Prompt: Everything below from the line with "You are currently" through the line with "Wireframe-welcome sign up entry and form" must be retyped exactly, except the pictures.

Material for the task:
• • • • •

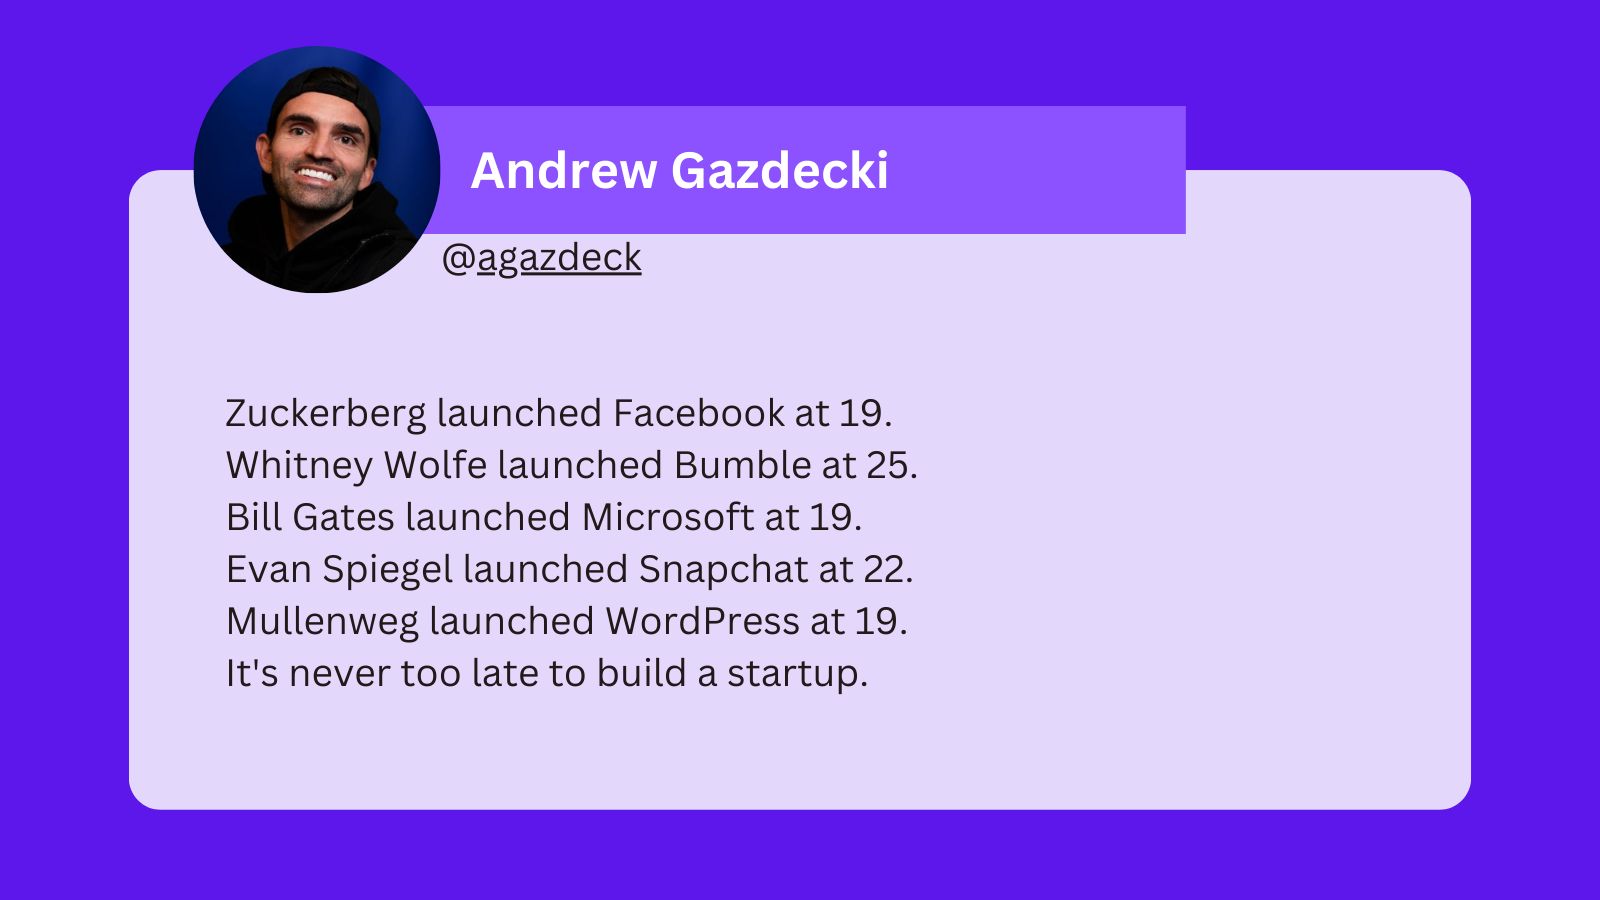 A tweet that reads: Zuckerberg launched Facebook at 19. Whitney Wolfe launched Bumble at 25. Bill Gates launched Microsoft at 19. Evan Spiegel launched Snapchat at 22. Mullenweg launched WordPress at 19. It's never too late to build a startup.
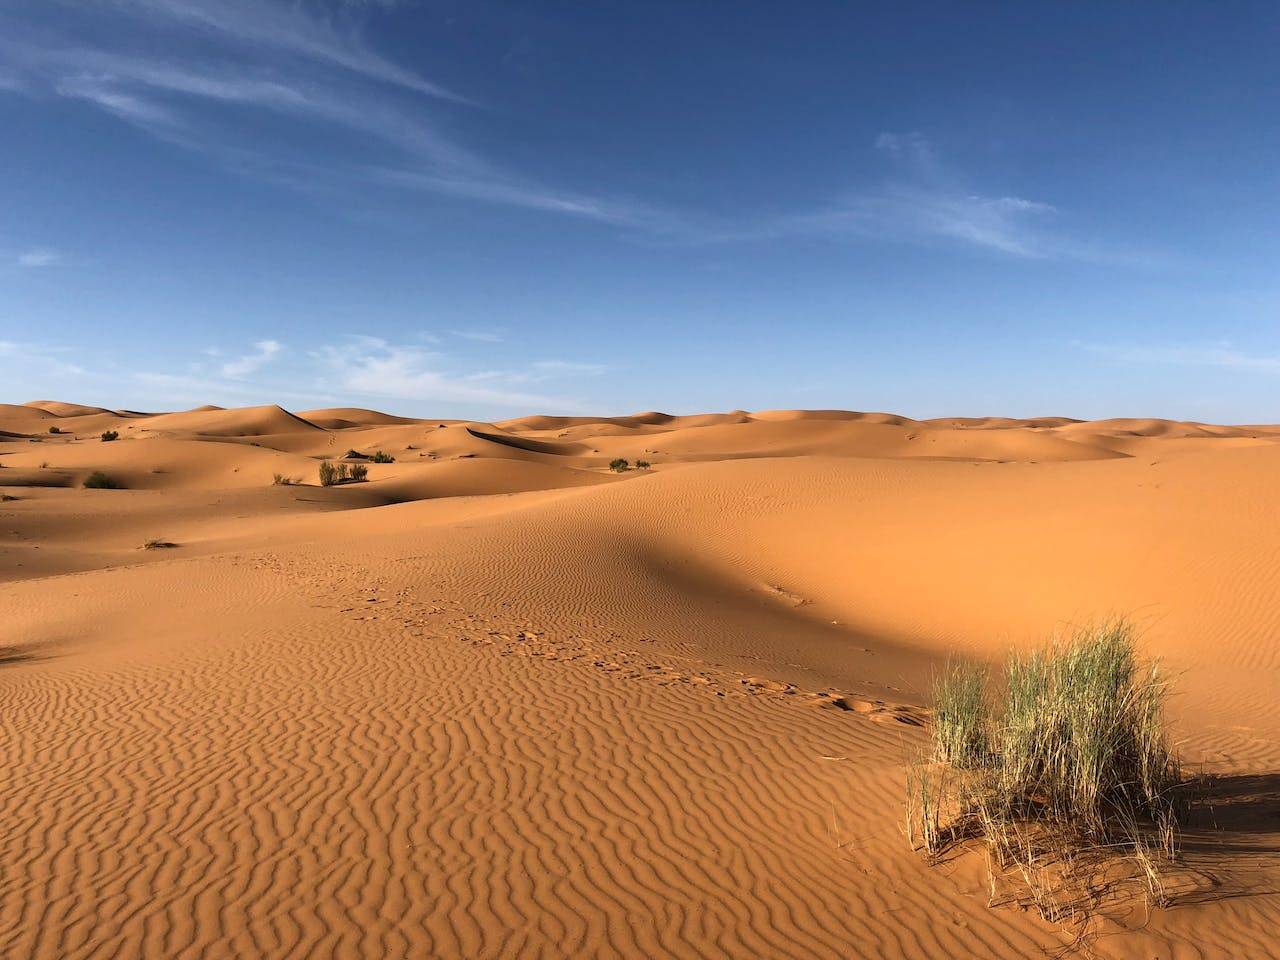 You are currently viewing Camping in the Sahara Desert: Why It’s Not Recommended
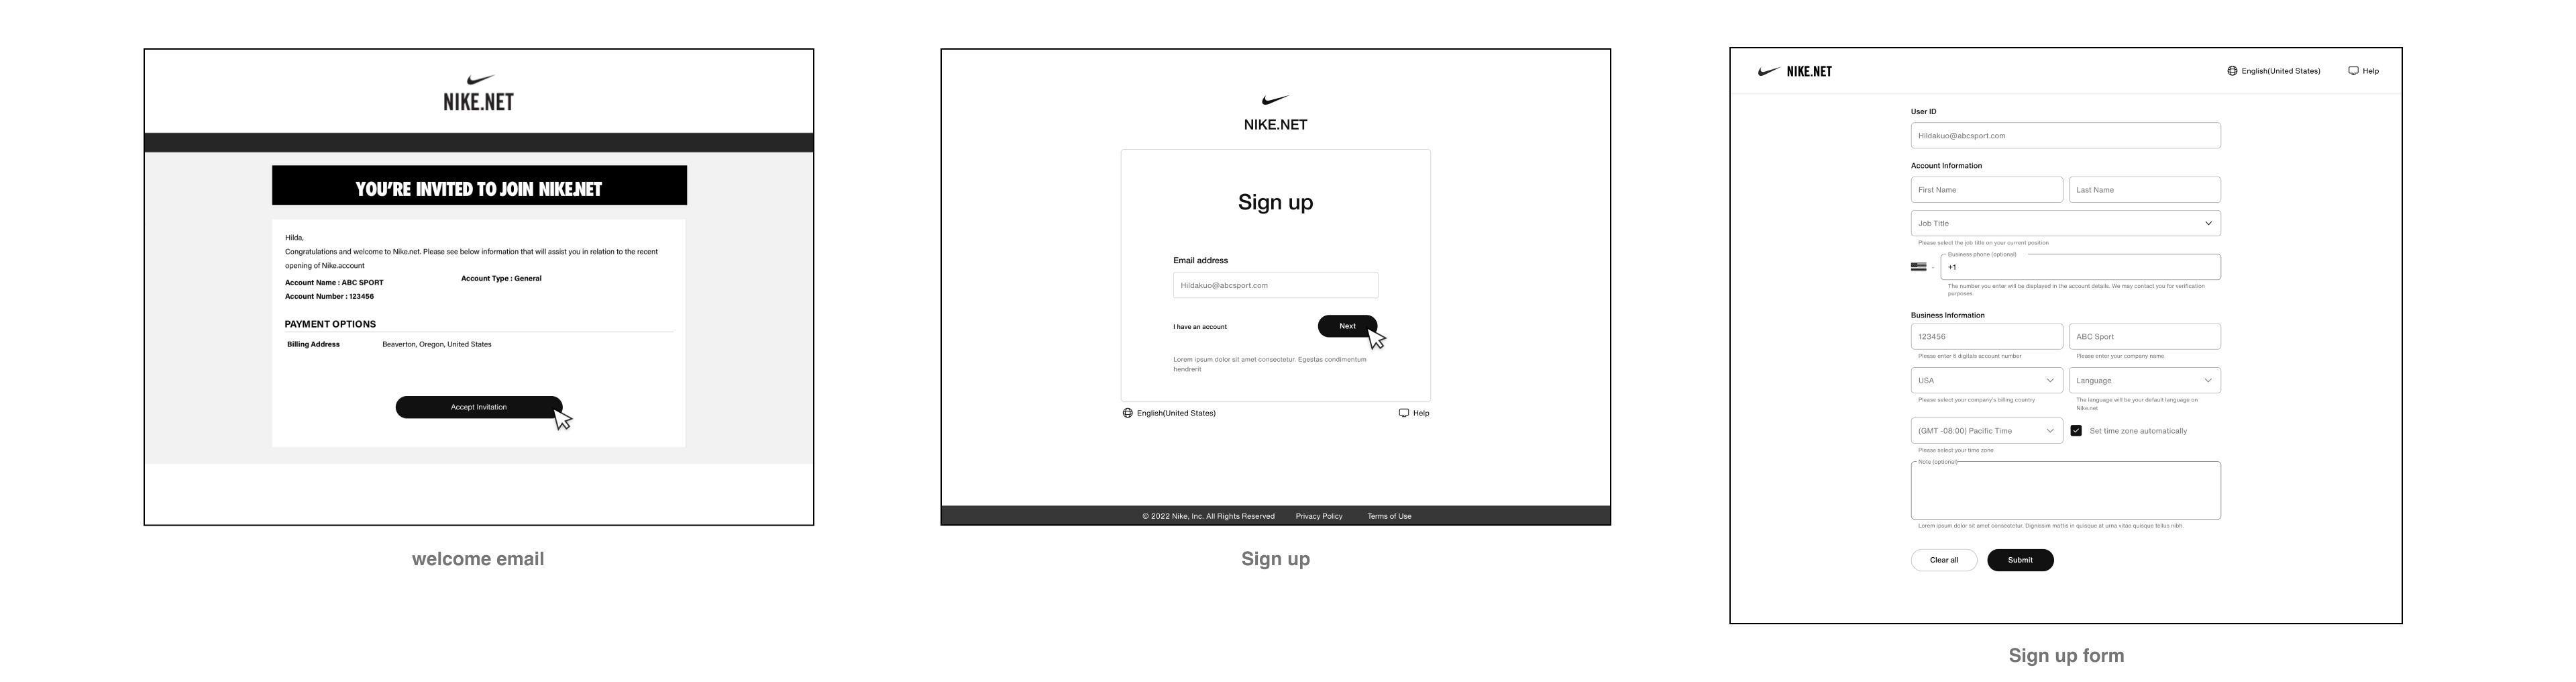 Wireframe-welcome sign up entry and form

• • • • •

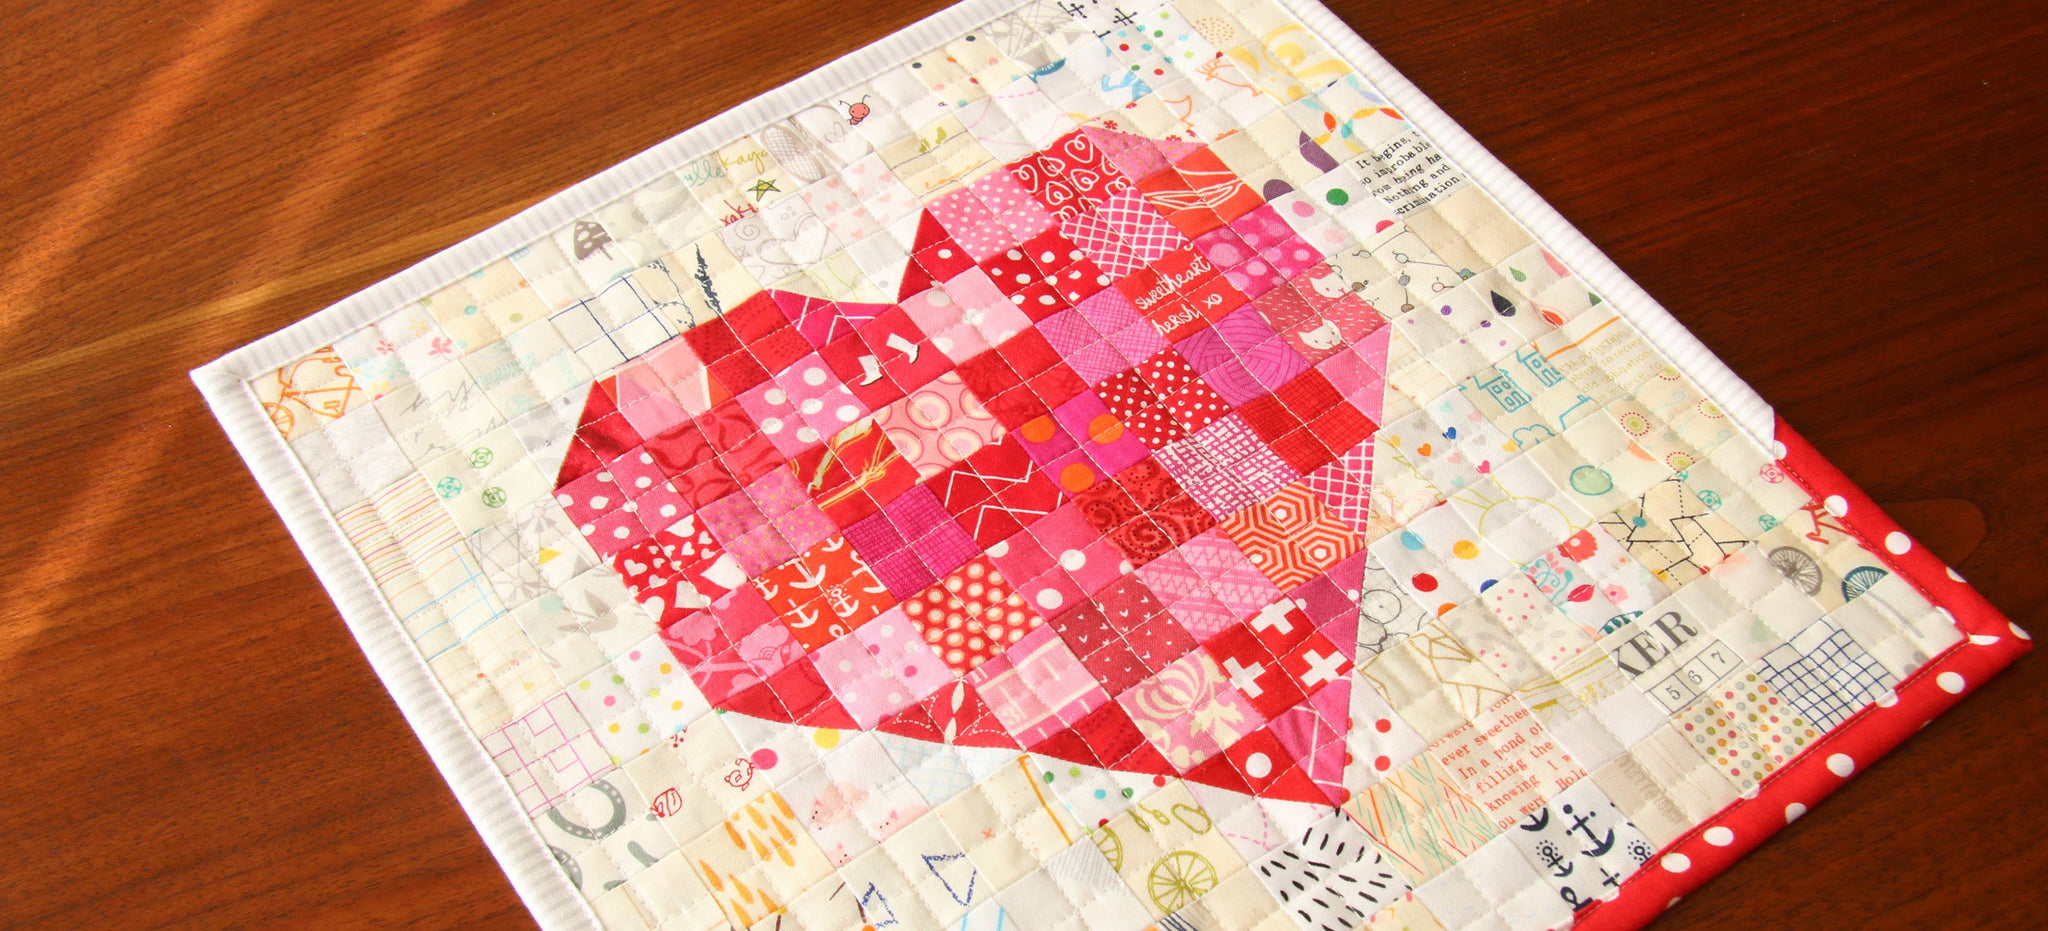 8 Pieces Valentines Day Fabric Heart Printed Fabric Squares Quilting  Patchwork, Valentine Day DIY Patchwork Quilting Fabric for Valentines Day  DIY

• • • • •

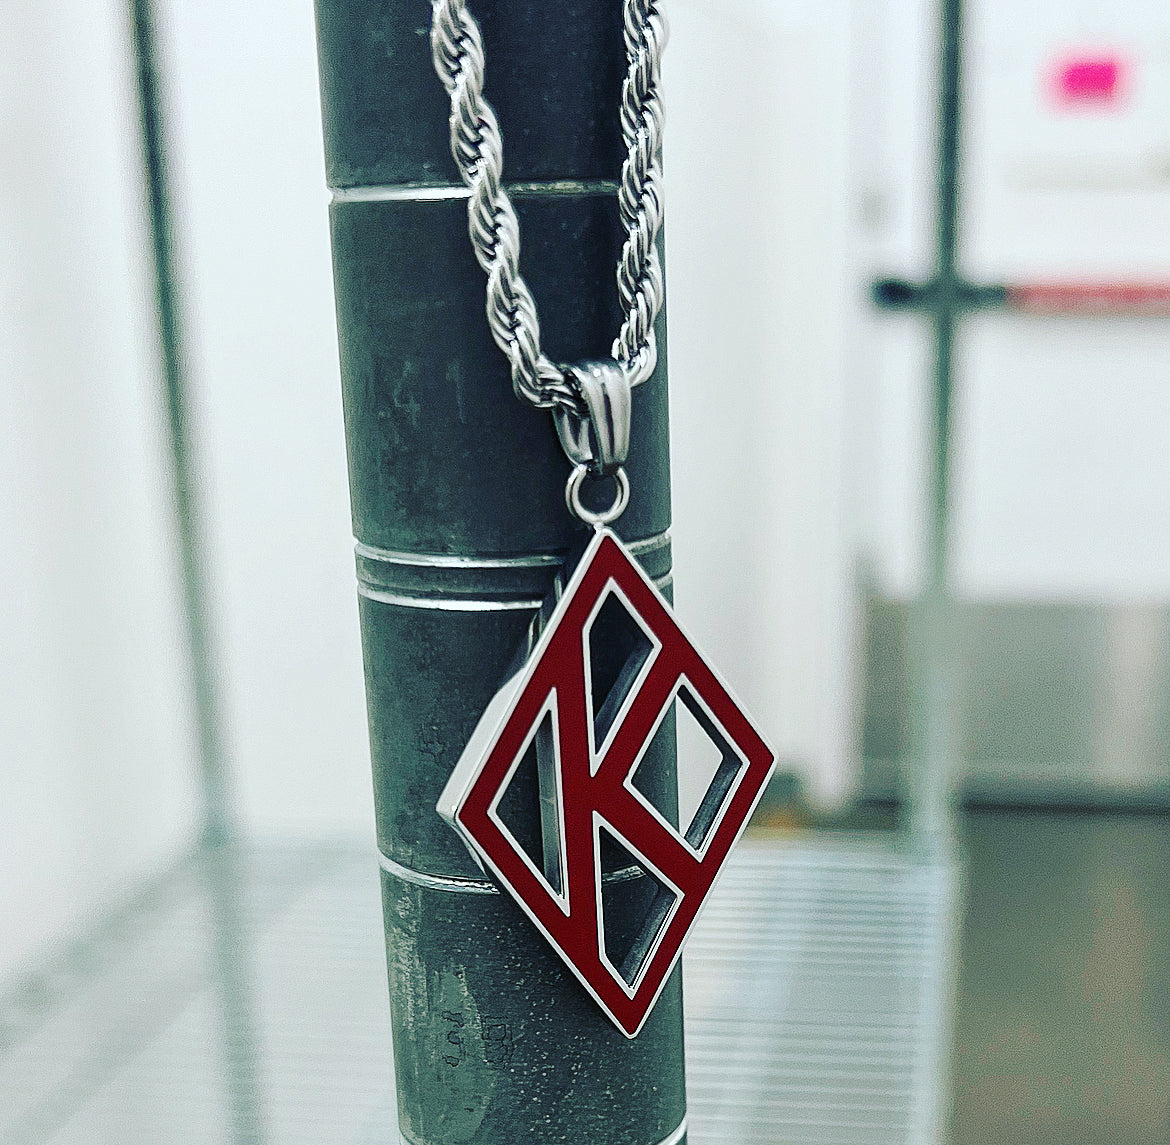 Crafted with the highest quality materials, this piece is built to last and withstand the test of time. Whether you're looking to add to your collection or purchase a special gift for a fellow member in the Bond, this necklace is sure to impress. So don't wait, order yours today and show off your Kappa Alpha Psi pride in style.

• • • • •

Answer area:
 You are currently viewing Camping in the Sahara Desert: Why It’s Not Recommended
 Wireframe-welcome sign up entry and form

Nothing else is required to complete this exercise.